In the early chapters, I learned quite a lot about flying and basic aircraft manoeuvres. I also learned that the author and myself had pretty similar schooling which he enjoyed and I despised. Maybe that’s why he went on to be a pilot and I ended up as ground crew/support?

It was whilst reading these early chapters that I became aware of a feeling of growing dislike toward the author. He writes well and I have no issue with that, but he comes across as a condescending, supercilious, XXXX. I began to feel that he was talking down to me and I really felt resentful about it. That I took on this feeling and attitude is a real shame as it started to colour my opinion of the book. I found myself looking for reasons to avoid reading it rather than getting stuck in.
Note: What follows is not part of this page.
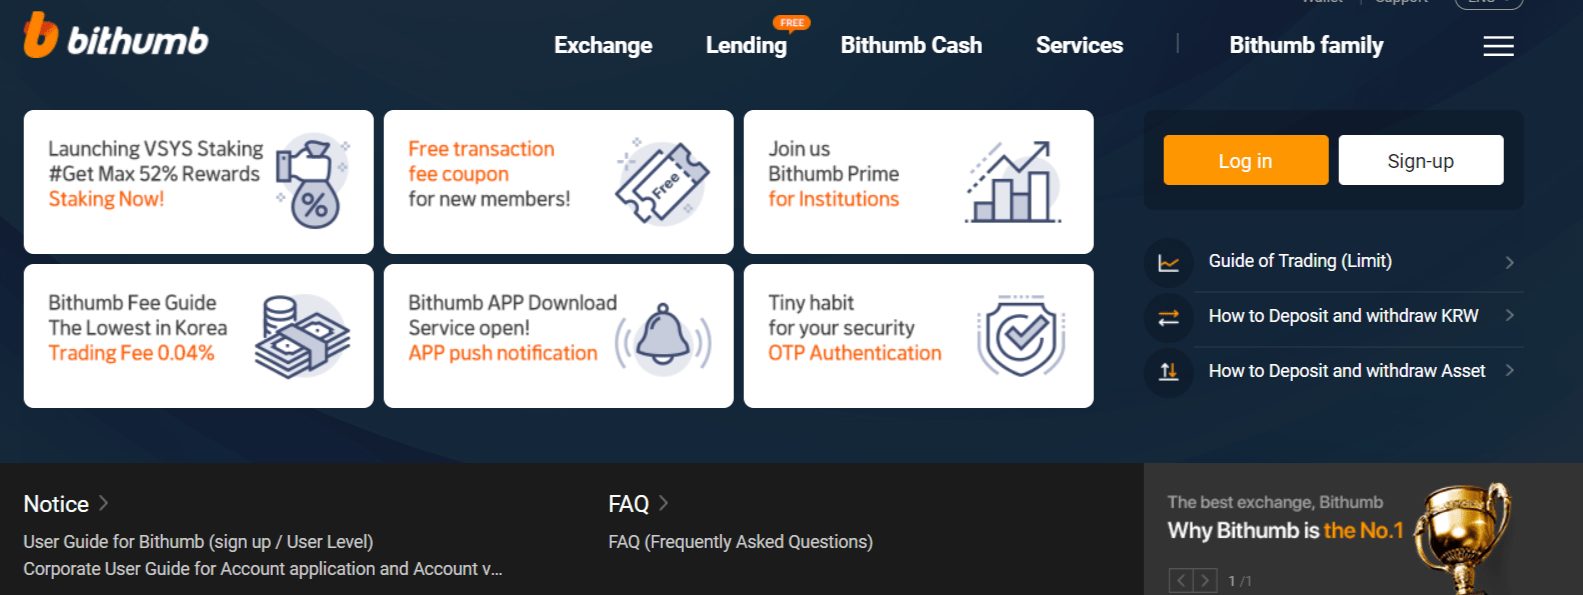 Bithumb Cryptocurrency Exchange Review - No.1 Digital Asset Platform
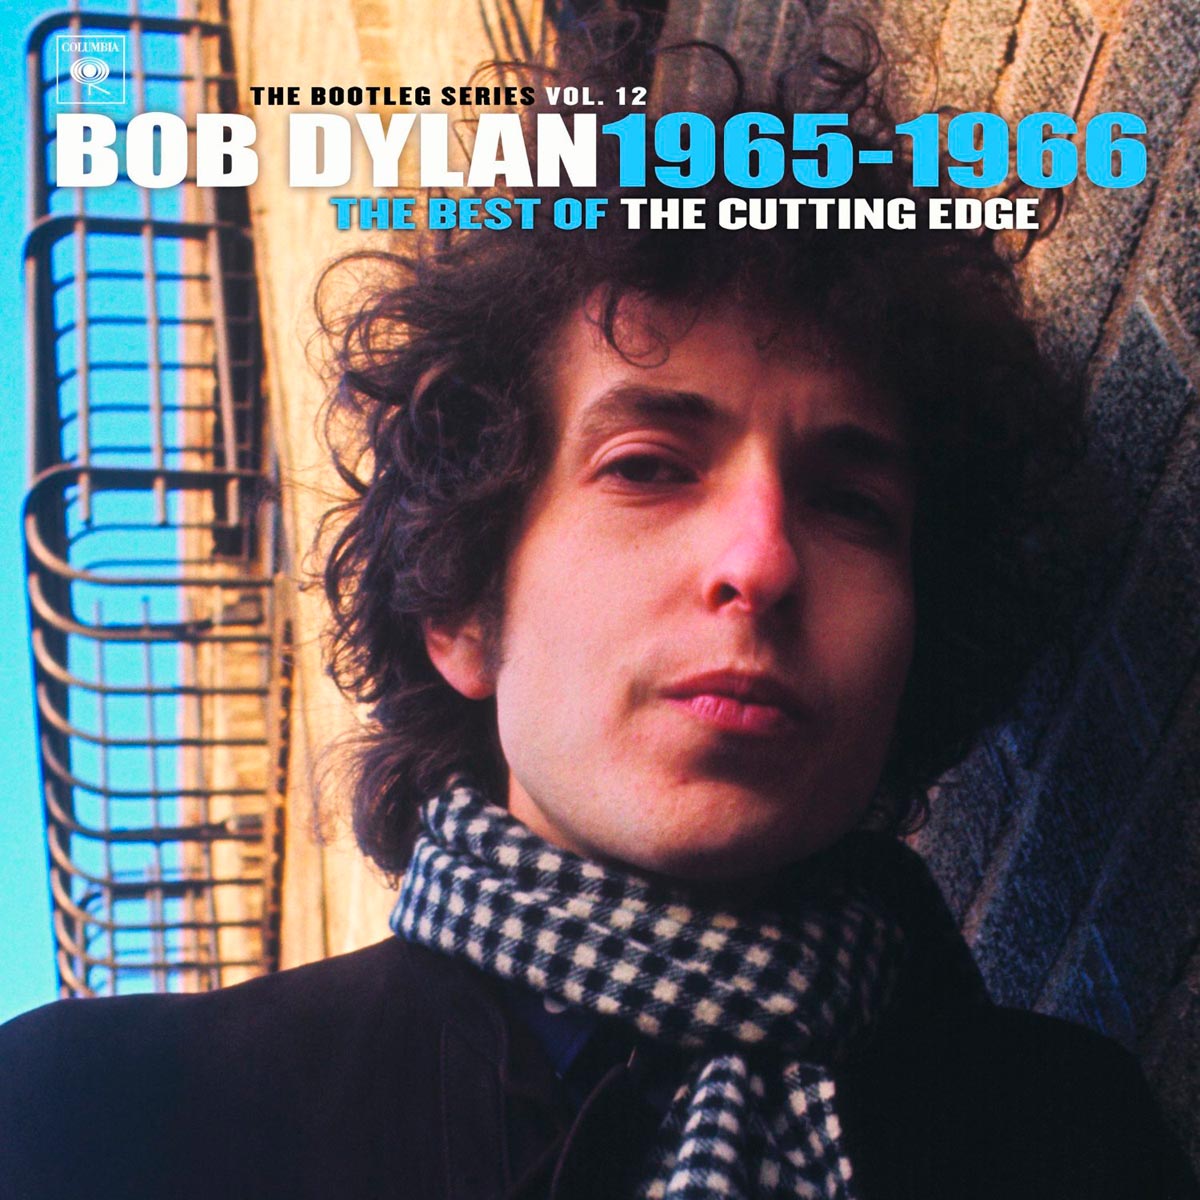 Bob Dylan: The cutting edge 1965-1966: The bootleg series Vol. 12, la  portada del disco

Another gripe at the early stages, and it might be related to my above observation, was the inclusion of BAe (and other) stock photographs that added nothing to the text. How many pictures of a particular aircraft do we need? Had they been pictures with the author in them or of the actual aircraft that he had flown, it would have been different. And I’m quite sure if google had been used, a far better picture of the 6 basic flying instruments could have been found. The picture provided of a beat-up Percival Provost instrument panel served no purpose at all.

It really is a shame that I took such an intense dislike to the writer’s style as there’s an awful lot of interesting stuff in this book. It’s the author’s life story and I guess he’s entitled to tell it his way, even if I don’t like it.

Despite sharing an intimate knowledge of the many aircraft types he features, the most interesting chapter by far was about the making of the Battle of Britain film. Everything in this chapter was completely new and alien to me and I enjoyed it immensely. What was also noticeable about this chapter was that the author had changed his writing voice to a much more moderated and restrained tone: oh, and there were some cracking pictures as well.

Despite me not getting on with the author’s style I’m going to run to 4 anchors on this book as it does contain a lot of very good information and it would be churlish of me to not respect the man’s many achievements.